The Maker's Manual: A Practical Guide to the New Industrial Revolution 1st Edition (2015)
Part II. Realizing an Idea
Chapter 6. Management of a Project
Many of us have a secret idea which we would like to make real. Many makers have the dream of seeing their idea turn from simple entertainment or hobby into something more serious, which could initially be a small source of income and then, maybe, a fulltime job. There are various reasons why you might make this decision: out of necessity, personal choice, because one can’t find a rewarding job, to live in a more sustainable way, or to have more time to spend with family and friends. We’ll call these kind of big, transformative endeavours Life Projects.
It is true that a combination of strength, resolution and intelligence can take us closer to our Life Project goal, yet these alone are almost never sufficient to take us all the way. Knowing and using well-established time and project management techniques can help avoid common pitfalls that await us on our Life Project journey. However, it is extremely important to apply these techniques to the right plan, because following a useless plan strictly won’t get you anywhere.

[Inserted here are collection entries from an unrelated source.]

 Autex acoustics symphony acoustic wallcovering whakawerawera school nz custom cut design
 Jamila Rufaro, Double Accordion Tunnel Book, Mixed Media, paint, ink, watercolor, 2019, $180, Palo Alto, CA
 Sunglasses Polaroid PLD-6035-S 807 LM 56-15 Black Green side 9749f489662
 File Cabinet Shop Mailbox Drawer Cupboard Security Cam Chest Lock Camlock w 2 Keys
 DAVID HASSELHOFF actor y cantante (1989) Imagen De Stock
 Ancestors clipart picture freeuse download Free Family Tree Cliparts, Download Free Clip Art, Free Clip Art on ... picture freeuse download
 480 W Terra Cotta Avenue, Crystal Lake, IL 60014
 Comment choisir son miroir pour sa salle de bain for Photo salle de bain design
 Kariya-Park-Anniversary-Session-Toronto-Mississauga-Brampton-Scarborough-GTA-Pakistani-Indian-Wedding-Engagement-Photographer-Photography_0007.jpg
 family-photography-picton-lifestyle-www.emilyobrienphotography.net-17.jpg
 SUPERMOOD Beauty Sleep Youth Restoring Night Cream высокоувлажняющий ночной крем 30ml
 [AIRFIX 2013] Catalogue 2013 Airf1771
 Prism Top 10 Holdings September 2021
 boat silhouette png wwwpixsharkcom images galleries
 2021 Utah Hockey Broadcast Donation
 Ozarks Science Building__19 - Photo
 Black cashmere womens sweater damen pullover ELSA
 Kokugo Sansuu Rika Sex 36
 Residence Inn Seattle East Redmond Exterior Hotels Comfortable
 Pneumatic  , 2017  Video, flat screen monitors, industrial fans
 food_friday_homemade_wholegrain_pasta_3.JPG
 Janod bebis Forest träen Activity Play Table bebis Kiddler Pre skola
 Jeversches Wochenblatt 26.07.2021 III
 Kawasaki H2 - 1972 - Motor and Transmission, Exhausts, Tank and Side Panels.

How shall you get organized to make your Life Project real?
Completing a Life Project is like running a marathon. While there will always be moments of improvisation and quick decision making, you need to have a path marked out to take you from here to there, otherwise you won’t reach the finish line (or, even worse, you might get injured).
Making the idea become real is a matter of planning and organizing the activity. There is plenty of literature on how to do these things, but you can work out most of the information needed using logic and common sense.
What is a Project?
We carry out projects every day, even though we may not look at it that way. Organizing parties, buying a car, writing a book for makers, whipping up lunch with the leftovers we have in the fridge; these are all activities with some common points that classify them as projects:
§ projects have a limited time duration: all projects have a limit, a deadline, or finishing time, from the organization of dinner, which requires about twenty minutes or so, to the building of the Milan Cathedral, which took six centuries;
§ projects anticipate an outcome: an artifact, a product or something non-material like a service;
§ projects require the use of resources such as money and labor;
§ certain projects won’t be repeated.
Even New York’s Cathedral of St. John the Divine, under construction since 1892 and still not finished, will probably not be completed until the year 2200.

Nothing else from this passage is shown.